* Collected material
[Start of Attachment]

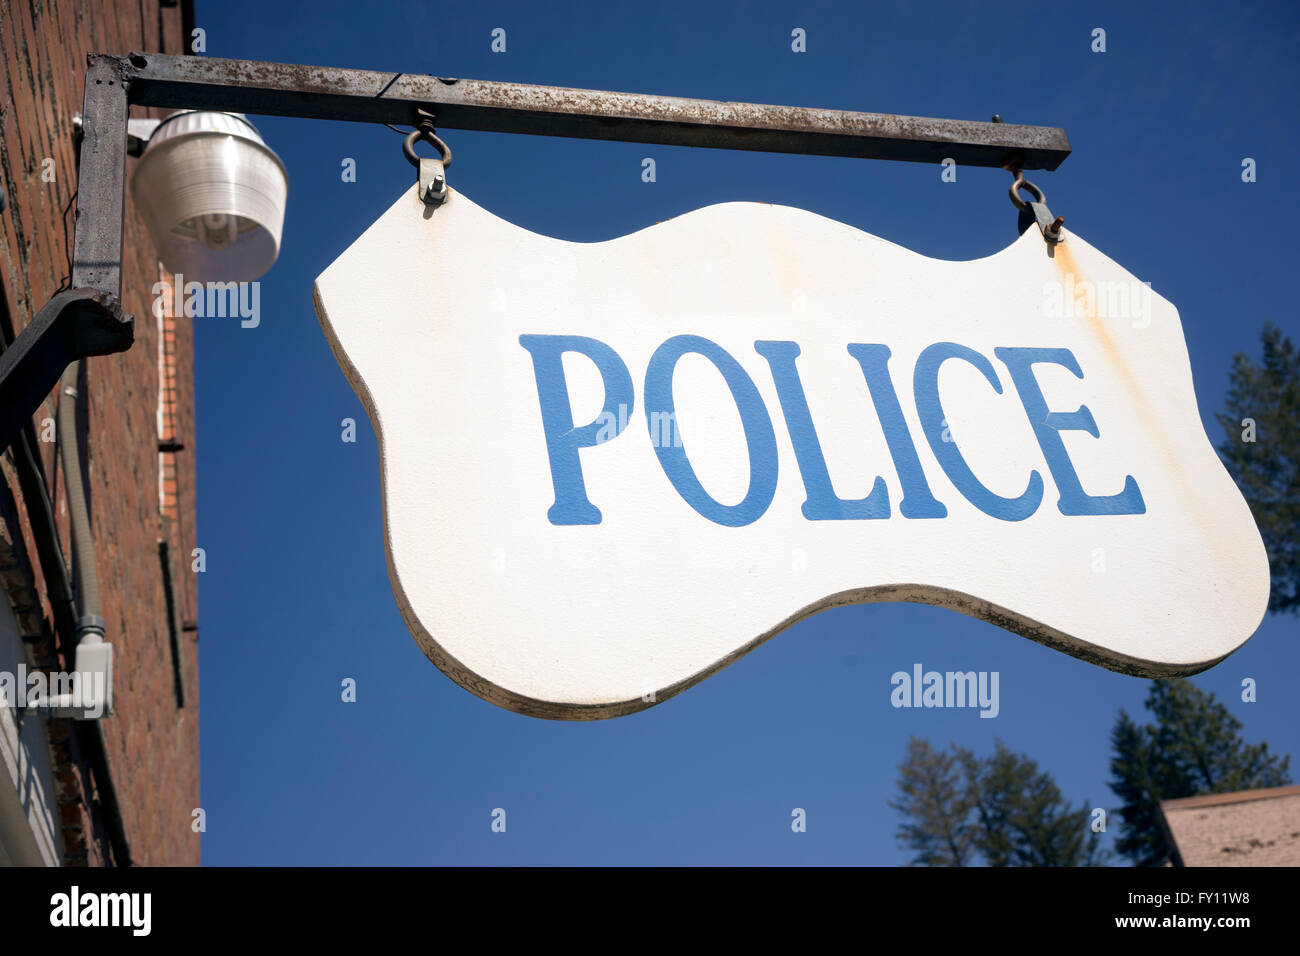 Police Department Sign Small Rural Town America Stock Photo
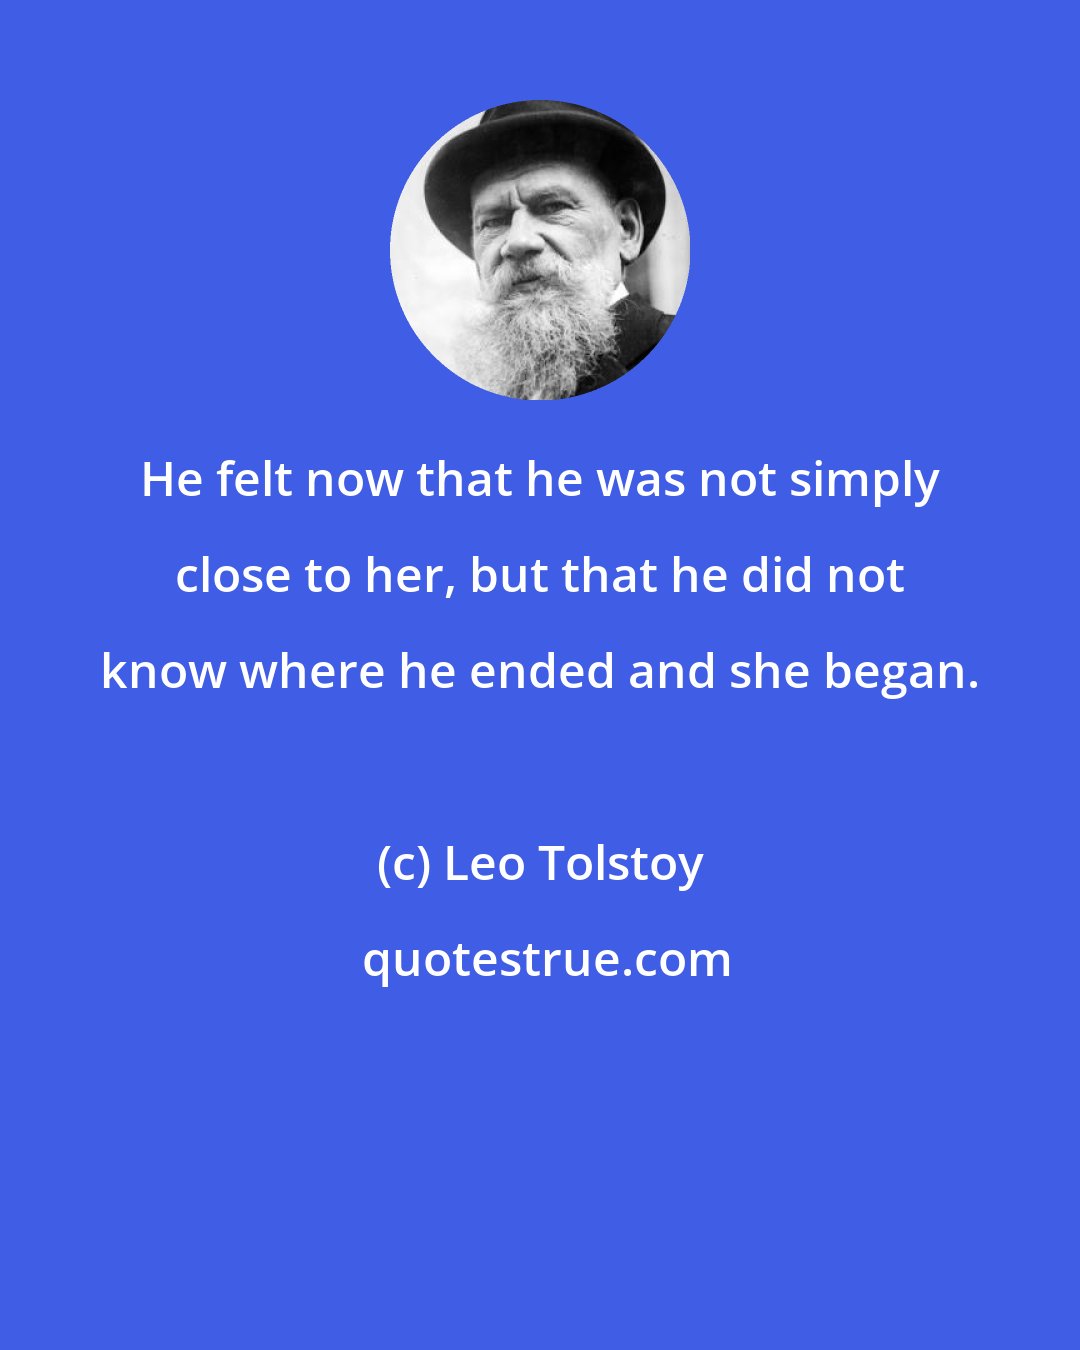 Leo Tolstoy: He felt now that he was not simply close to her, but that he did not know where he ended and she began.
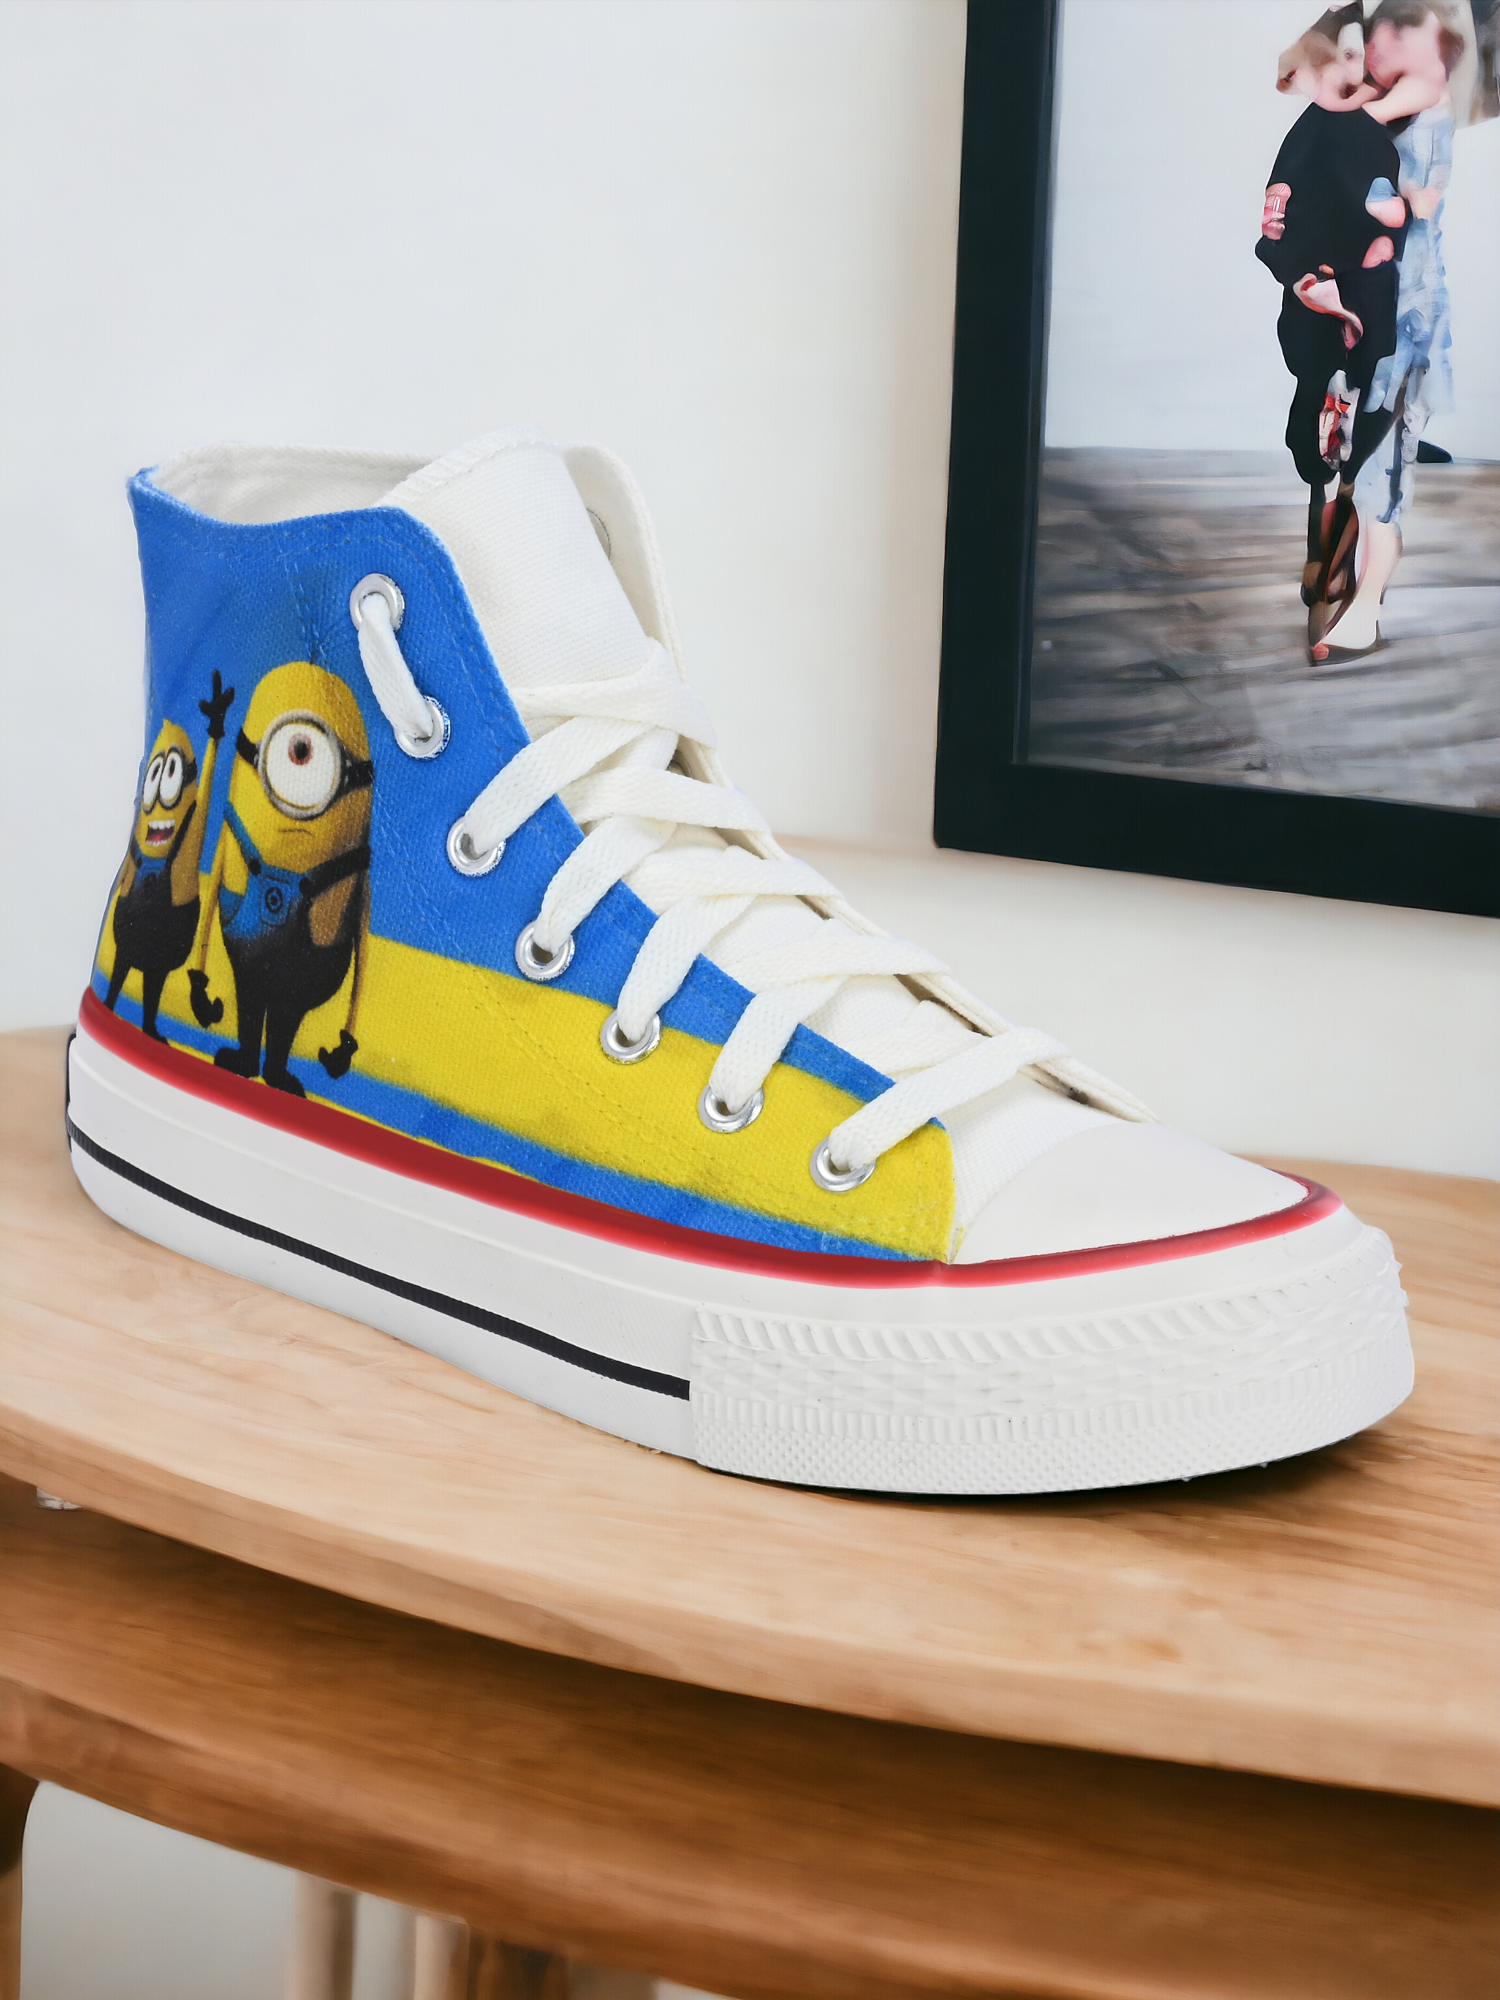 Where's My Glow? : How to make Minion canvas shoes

[End of Attachment]

* What is being asked
Write out all of the data above exactly, pictures excluded.

* Exercise result
 Police Department Sign Small Rural Town America Stock Photo
 Leo Tolstoy: He felt now that he was not simply close to her, but that he did not know where he ended and she began.
 Where's My Glow? : How to make Minion canvas shoes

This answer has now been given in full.